* **RAW DATA**
= = = =

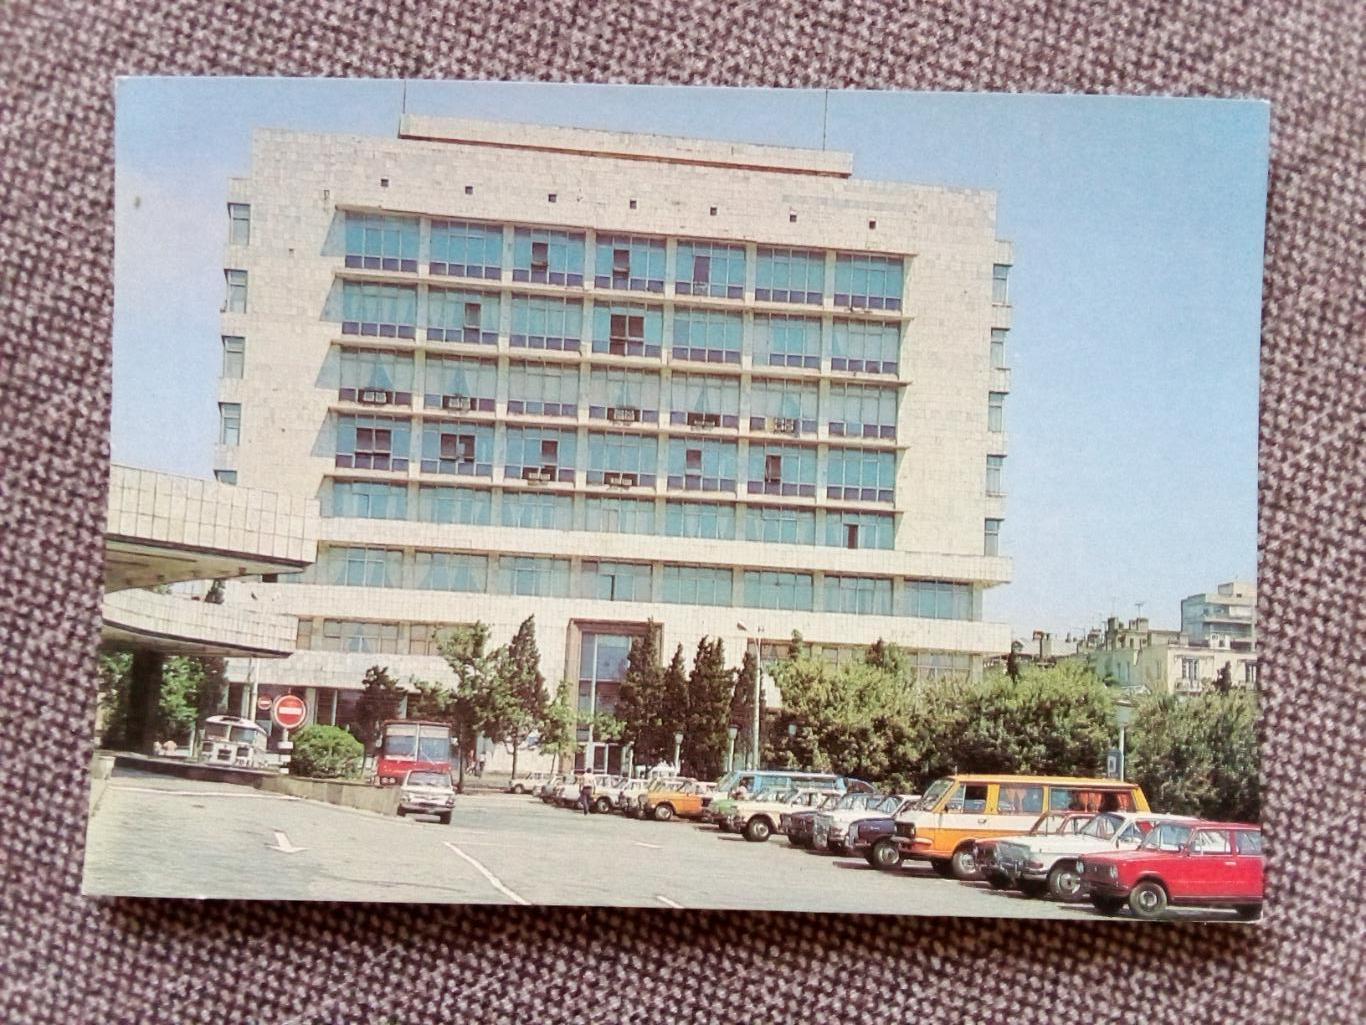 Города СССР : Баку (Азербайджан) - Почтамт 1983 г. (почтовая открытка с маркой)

= = = =

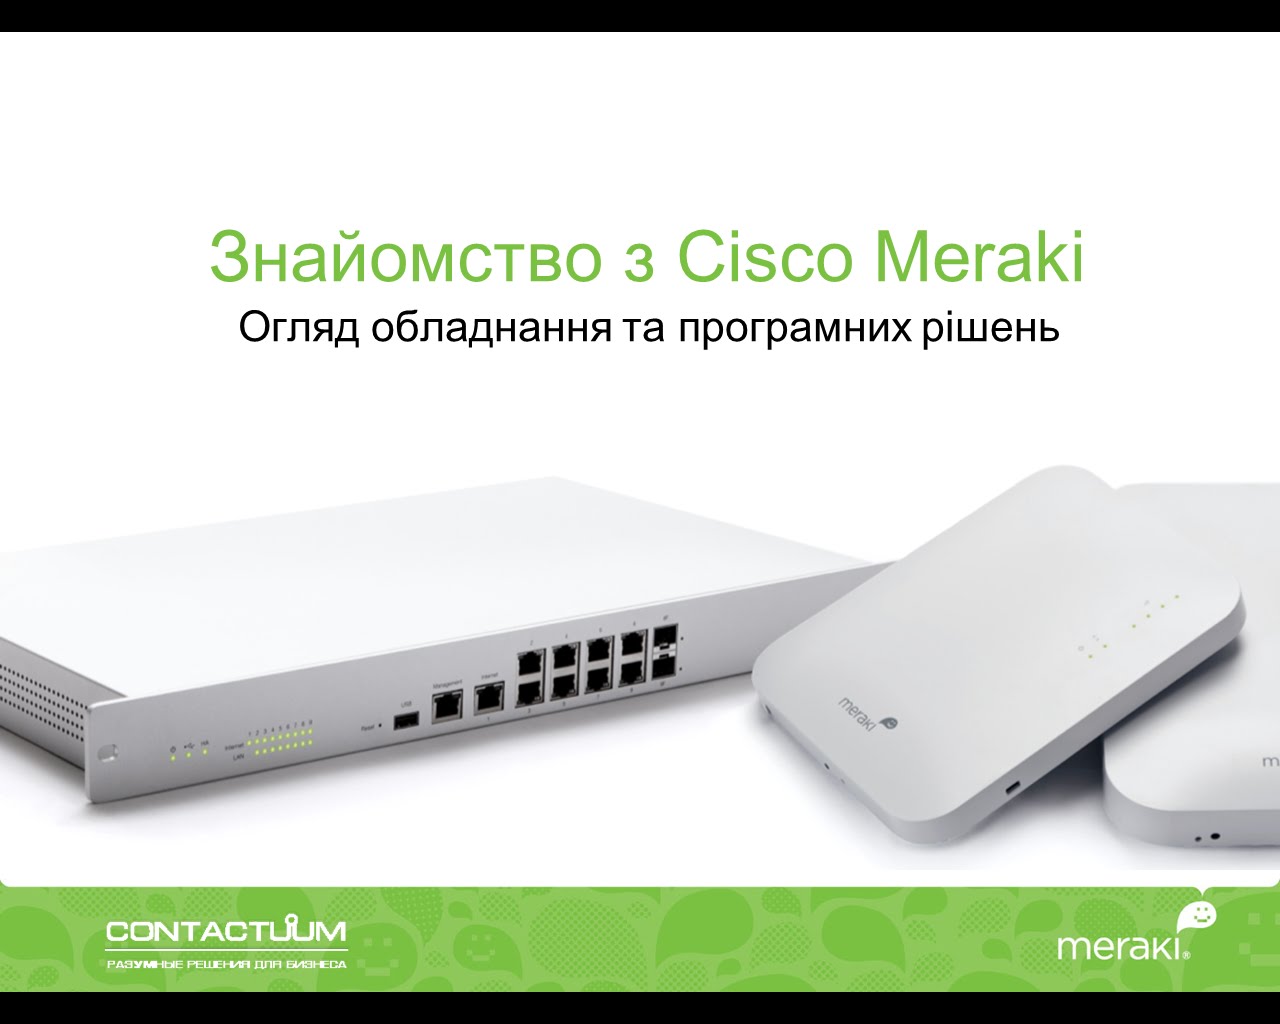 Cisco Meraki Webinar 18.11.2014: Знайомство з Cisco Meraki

= = = =

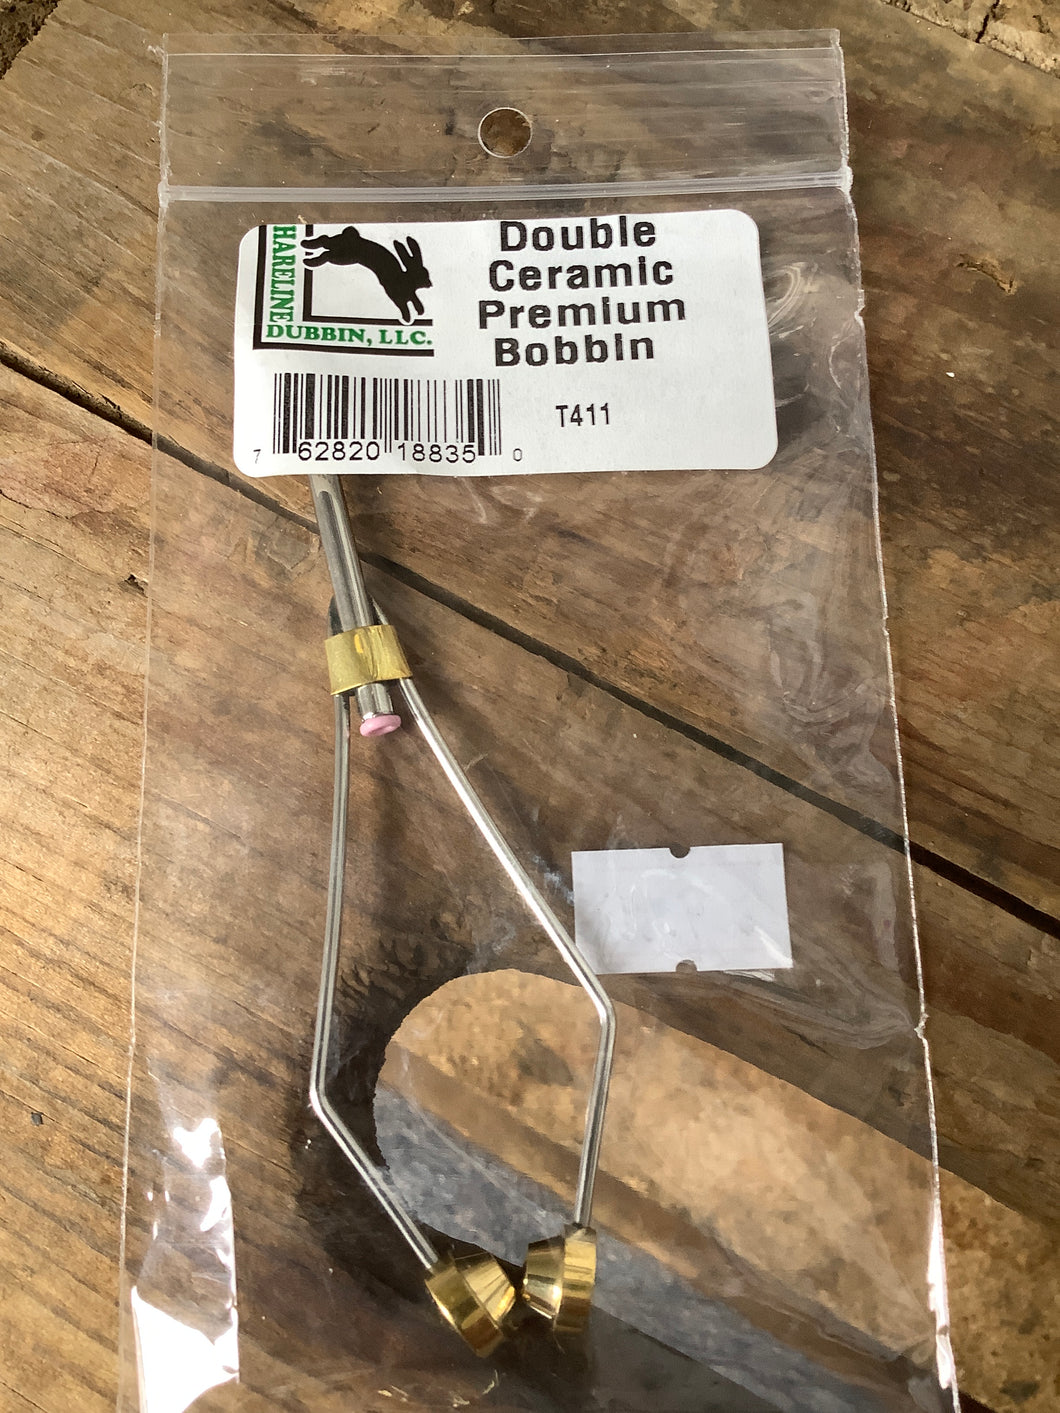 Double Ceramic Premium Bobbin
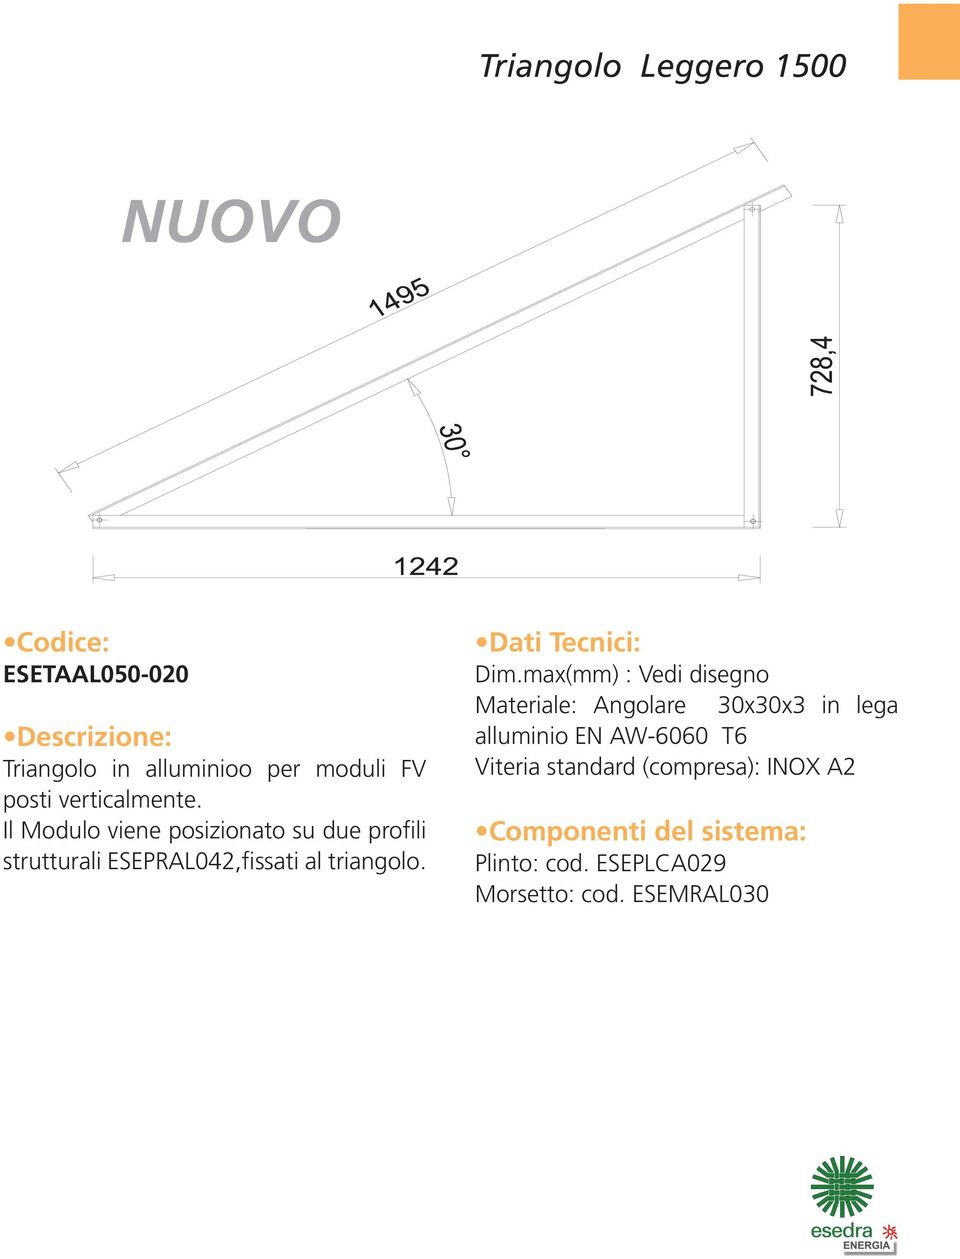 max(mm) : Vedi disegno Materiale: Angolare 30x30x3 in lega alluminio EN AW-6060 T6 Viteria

= = = =

* **WORK TO COMPLETE**
Only one part of the listing is wanted: the lines from the one containing "Double Ceramic Premium Bobbin" through the one containing "max(mm) : Vedi", both included. Please transcribe it exactly, leaving out the pictures.

* **WORKED SOLUTION**
 Double Ceramic Premium Bobbin
 max(mm) : Vedi disegno Materiale: Angolare 30x30x3 in lega alluminio EN AW-6060 T6 Viteria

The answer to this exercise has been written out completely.